# DATA BELOW
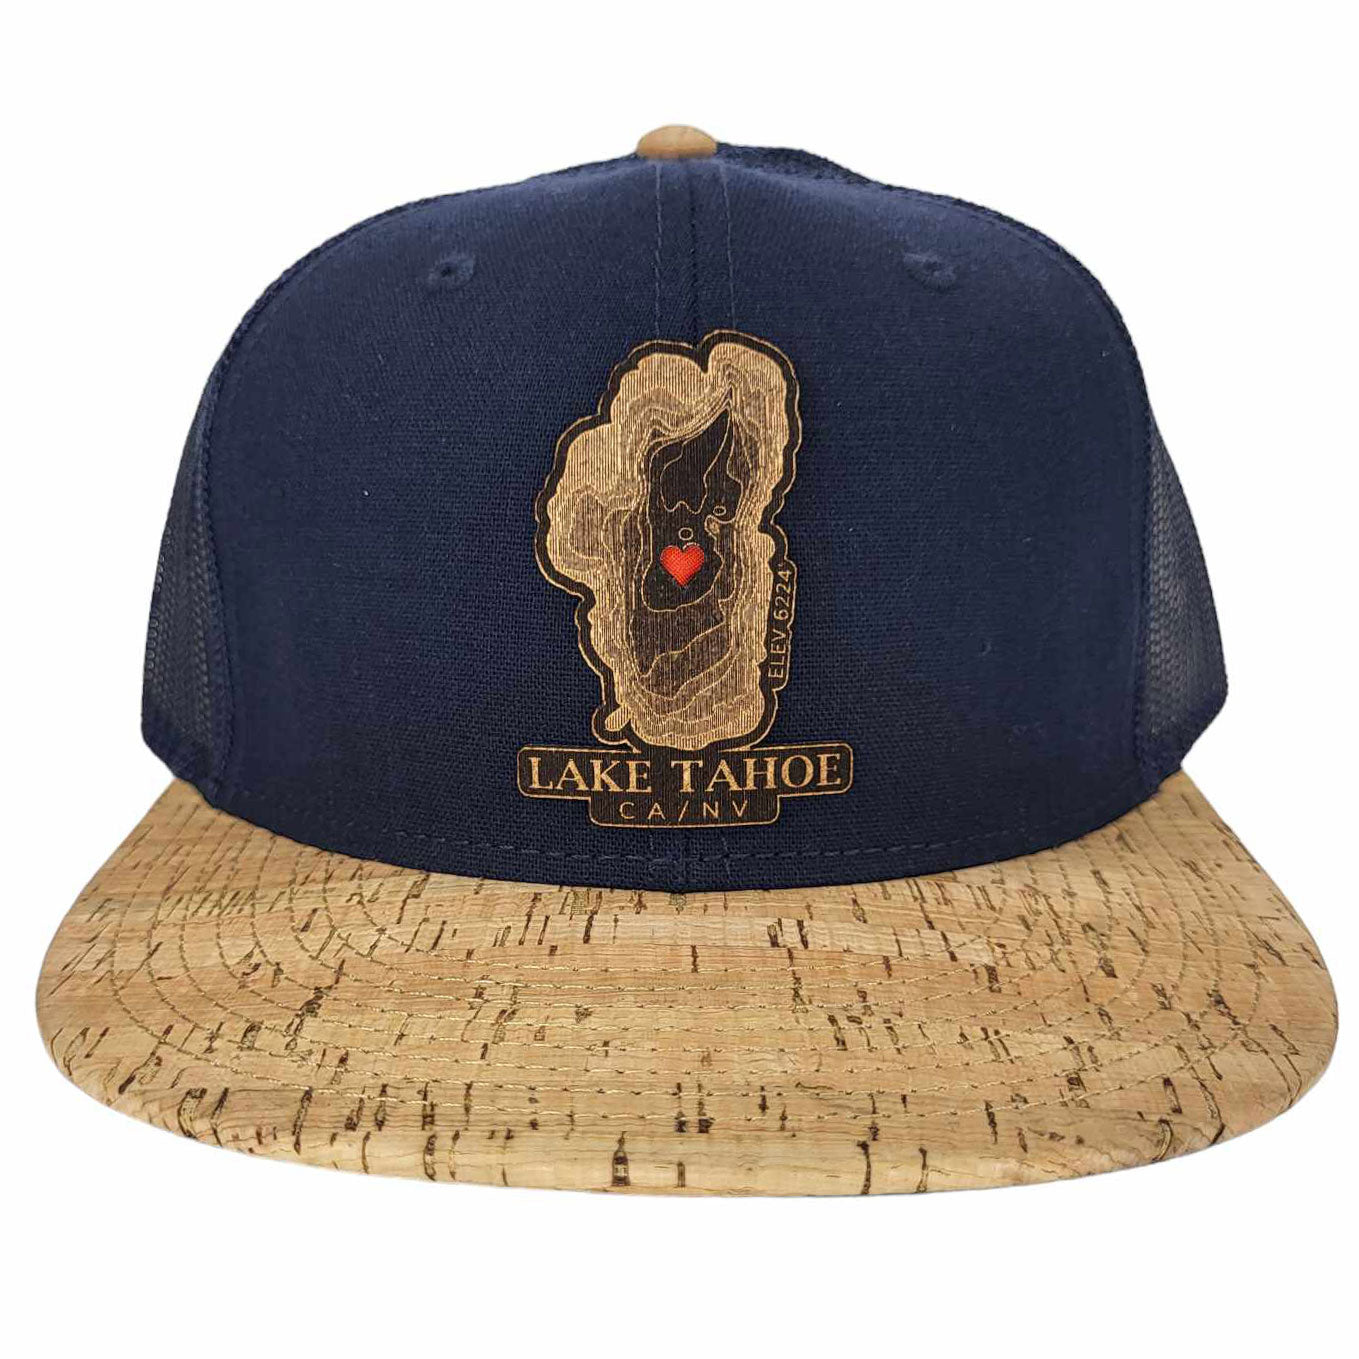 The Lake Tahoe Cork Hat
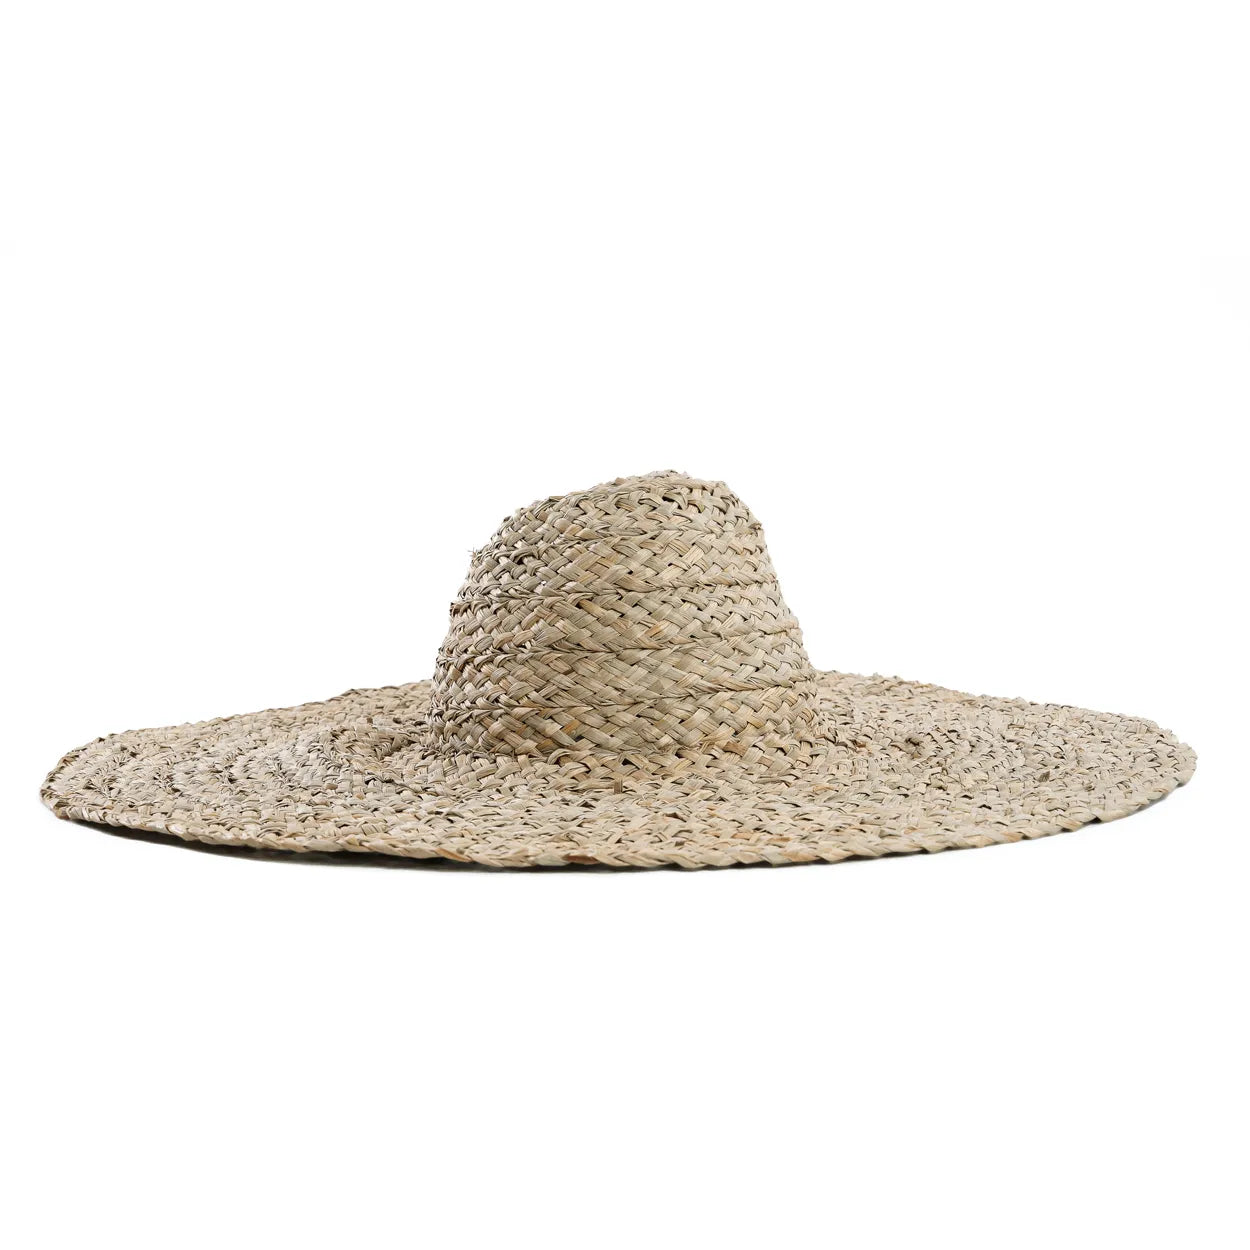 Cabo de Gata Breeze Hat - Summer Outdoor Hat
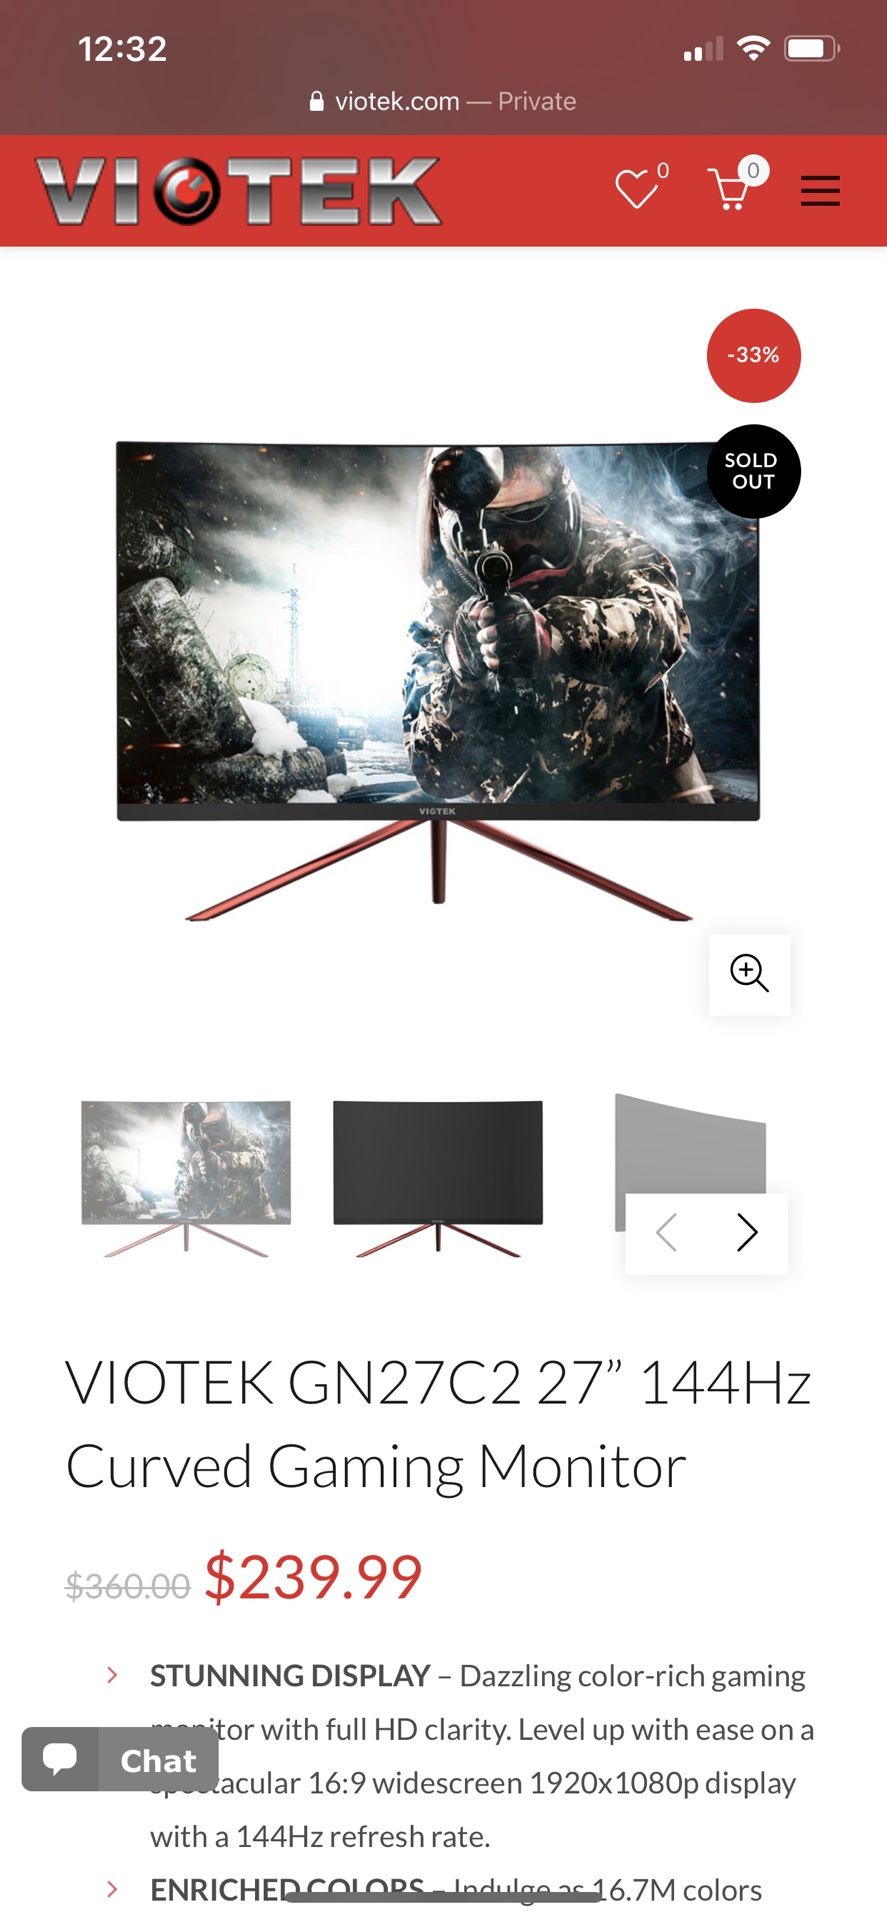 VIOTEK GN27C2 27” 144Hz Curved Gaming Monitor

# PROBLEM DESCRIPTION
From the material above, write out exactly the lines from the line with "Cabo de Gata Breeze Hat - Summer Outdoor Hat" through the closing line, inclusive, and no pictures.

# SOLUTION
 Cabo de Gata Breeze Hat - Summer Outdoor Hat
 VIOTEK GN27C2 27” 144Hz Curved Gaming Monitor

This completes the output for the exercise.